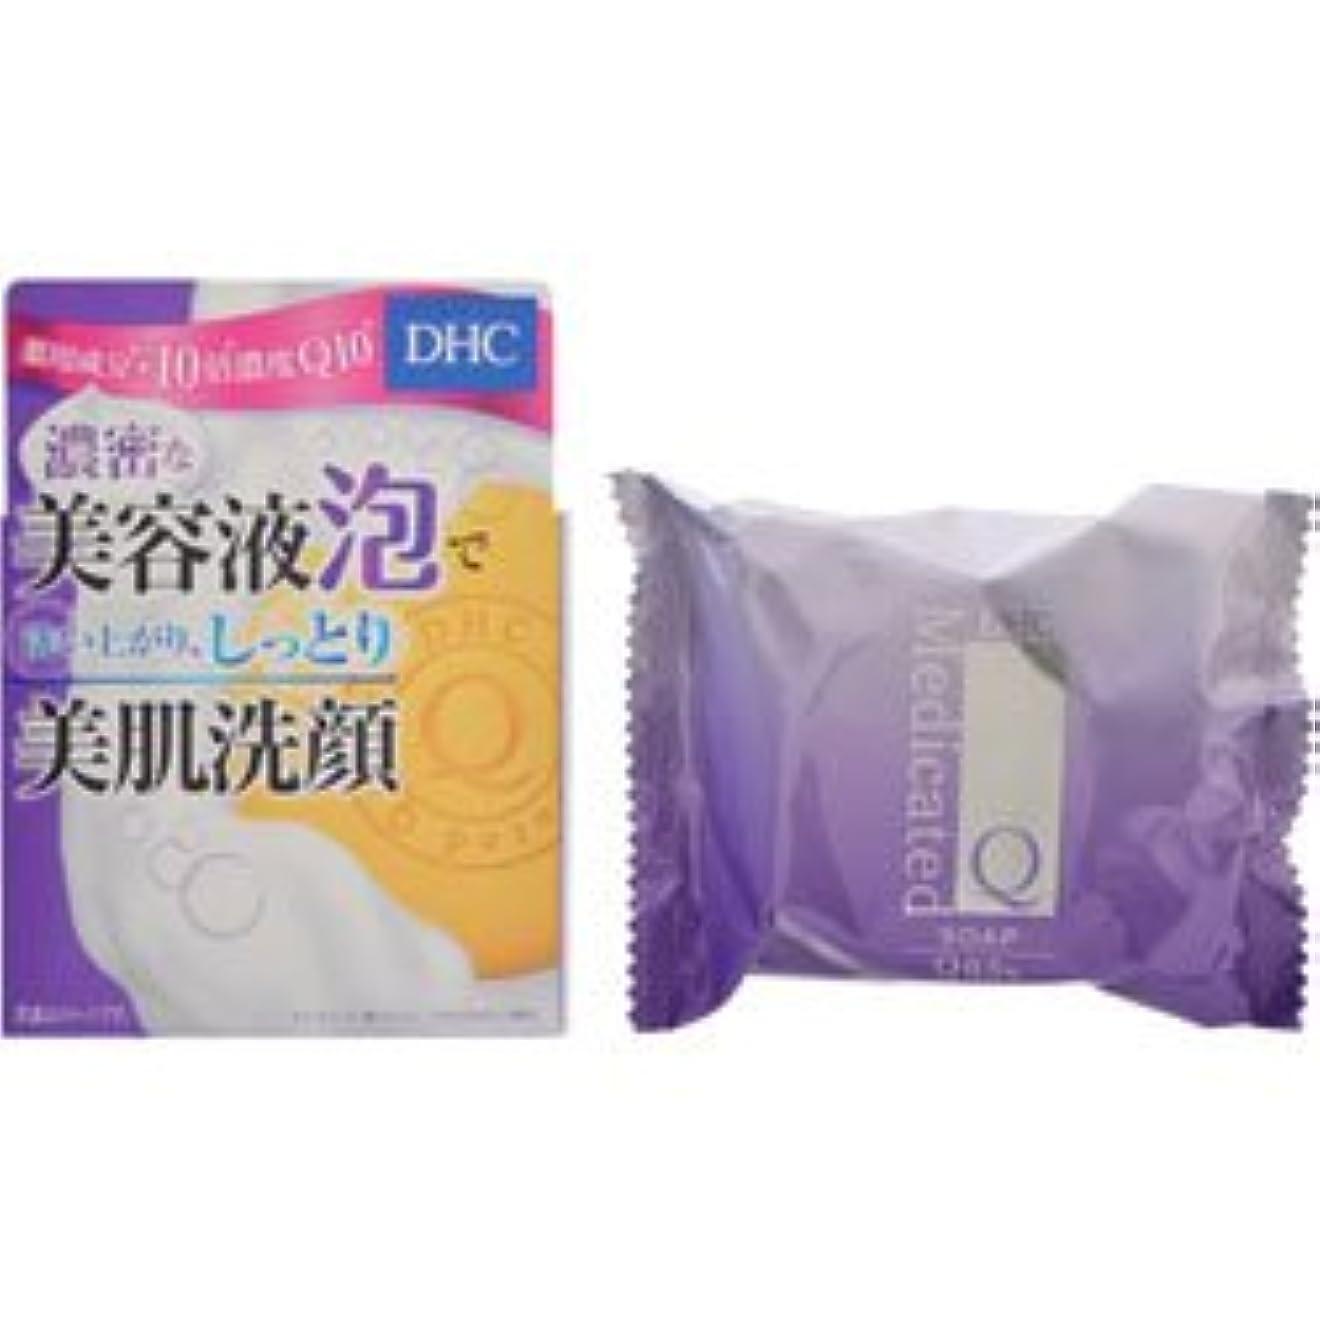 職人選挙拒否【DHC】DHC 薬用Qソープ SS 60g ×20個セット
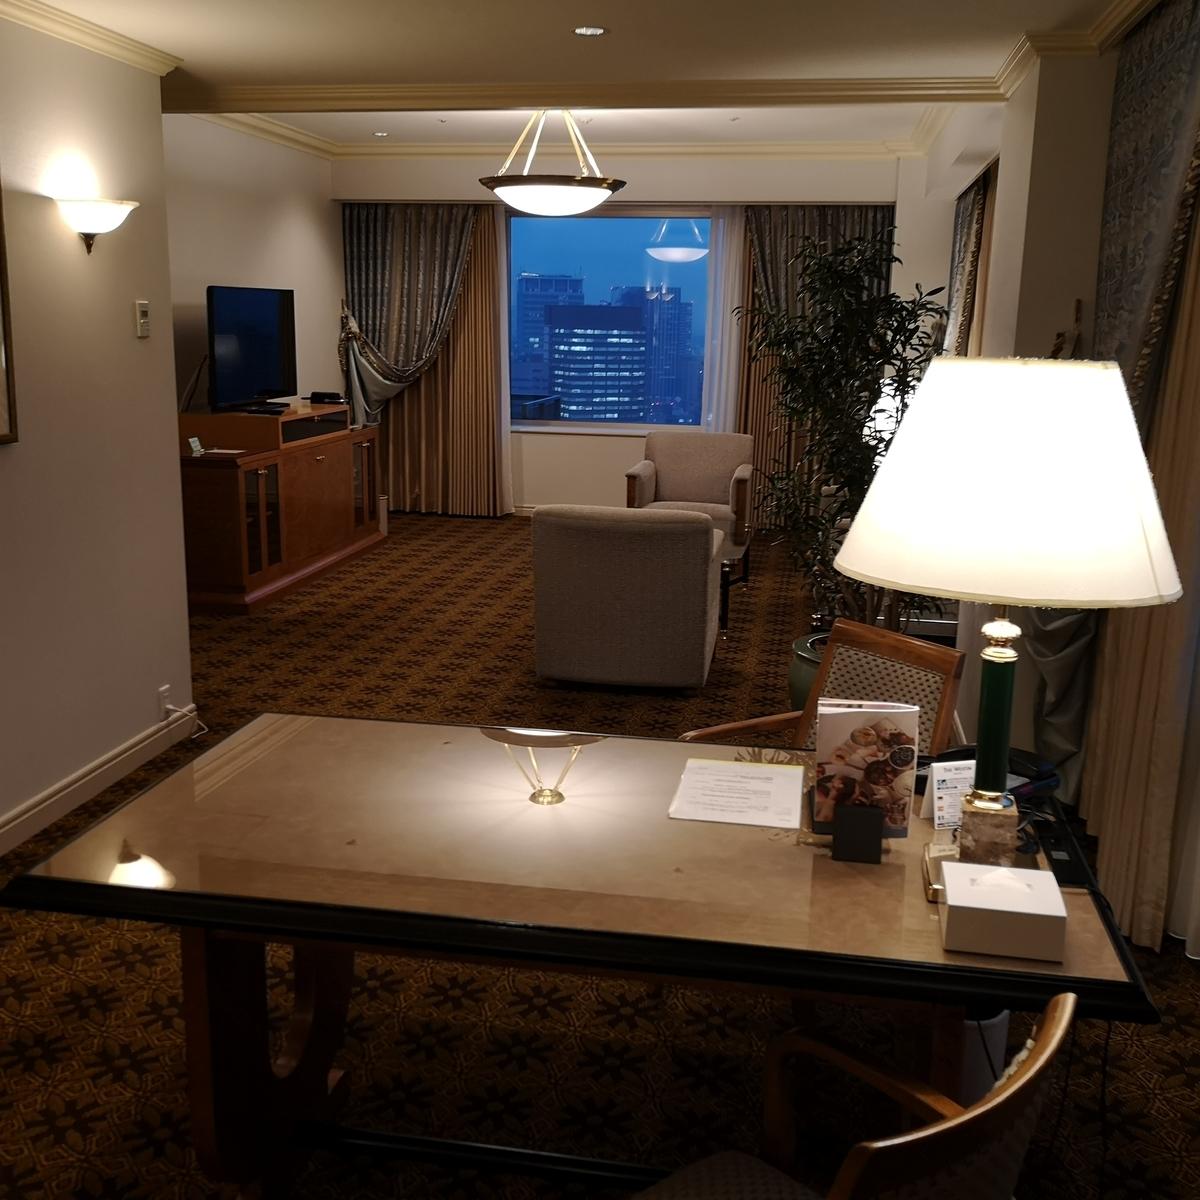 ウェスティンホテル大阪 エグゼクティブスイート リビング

******

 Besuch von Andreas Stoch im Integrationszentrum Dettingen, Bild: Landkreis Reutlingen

******

■ What the exercise asks
Nothing but the lines from the one with "職人選挙拒否【DHC】DHC 薬用Qソープ SS 60g ×20個セット" to the one with "ウェスティンホテル大阪 エグゼクティブスイート リビング" above, both included, should be transcribed, exactly and without pictures.

■ Output of the exercise
 職人選挙拒否【DHC】DHC 薬用Qソープ SS 60g ×20個セット
 ウェスティンホテル大阪 エグゼクティブスイート リビング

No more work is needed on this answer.